July 14, 2017
Connect Media recently reported that Dallas-Fort Worth was leading the way in a variety of office indicators, such as leasing and construction. The article came from a Cushman & Wakefield report, and, as a follow-up, Connect caught up with Cushman & Wakefield associate Wills Bauer for additional information.
Q. The report Cushman & Wakefield released talked about the entire Dallas-Fort Worth office market. What submarkets are seeing the most momentum, and why?
A. The two submarkets that are seeing the most construction activity and highest prices are Uptown/Arts District, and Legacy/Frisco. Legacy/Frisco has been a target for many corporate relocations. Meanwhile, with multiple Class A+ buildings under construction or renovations in Uptown and the Arts District, businesses are continuing to weigh their options to relocate in this area. Las Colinas, incidentally, is not far behind these markets in terms of momentum, as businesses are starting to recognize Las Colinas’ proximity to Love Field as a factor in their consideration. They can offer employees and clients the choice to use either Love or DFW (Dallas-Fort Worth International) Airport. That said, pricing and rental rates in Las Colinas are considerably lower than the other two markets.

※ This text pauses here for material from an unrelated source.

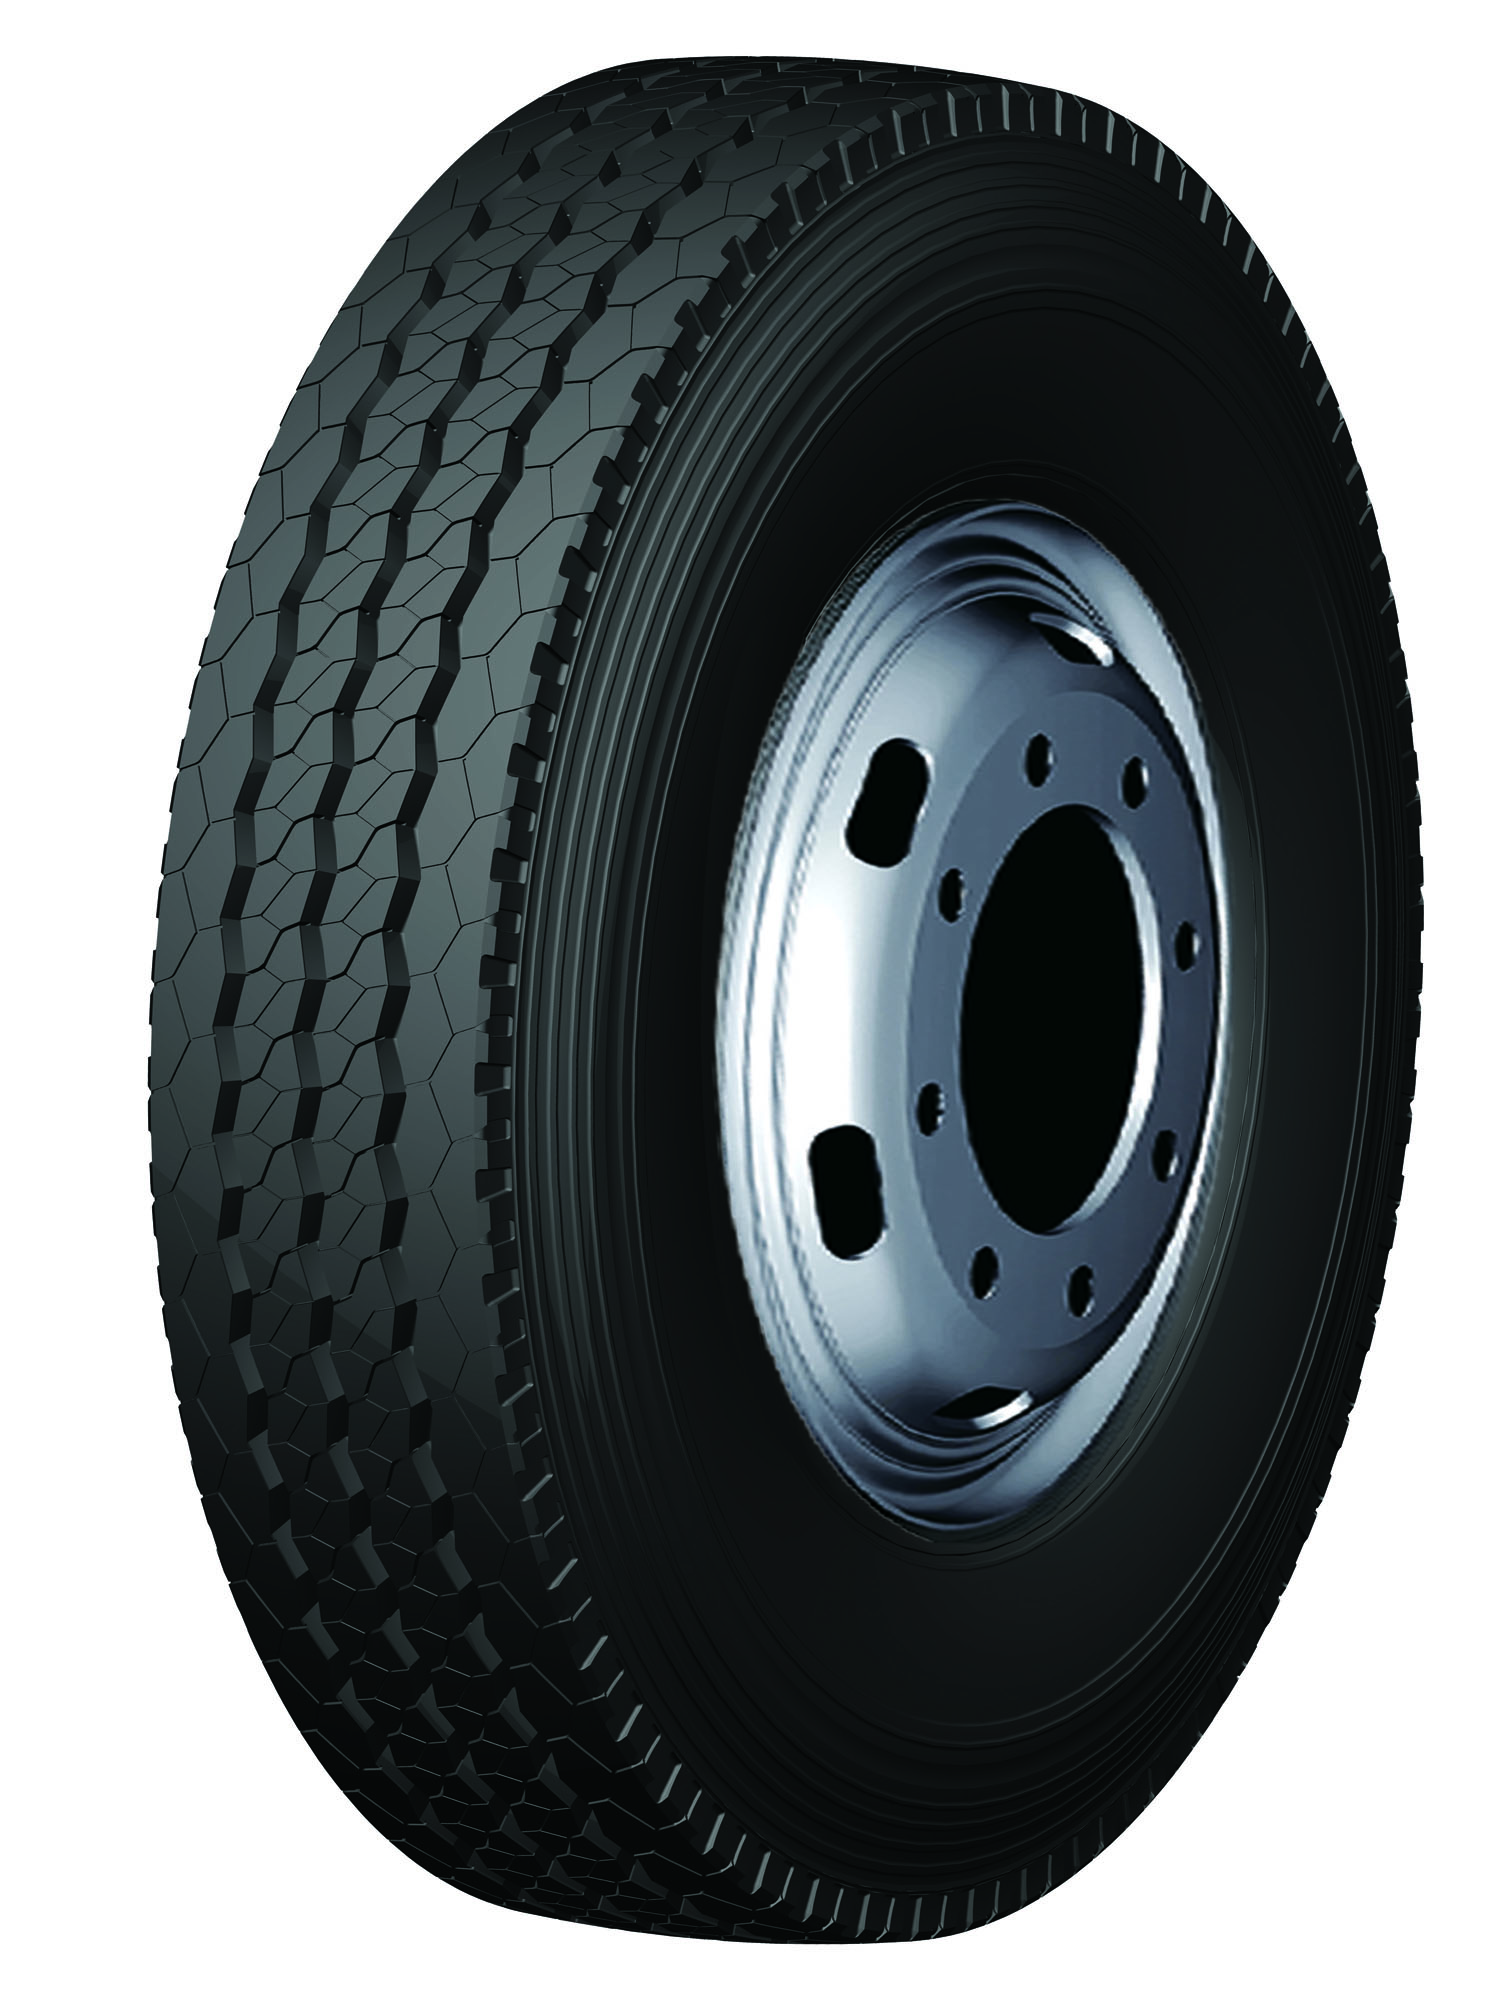 DOUBLEHAPPINESS 275/70R22.5 DR966 144/141M 16PR

Q. Are all lease rates trending upward? Or is it submarket-specific?
A. Lease rates have been steady through most of 2017, so far. We’re waiting to see if that will hold true through the end of the year, especially with new buildings delivering throughout the remainder of 2017 and into 2019.
Q. What is your forecast for office leasing during the rest of 2017?
A. I believe leasing velocity will continue to be strong for midsize leases throughout the rest of the year. I also think we’ll see another announcement or two of larger deals before the end of the year, in the form of a significant consolidation, or relocation.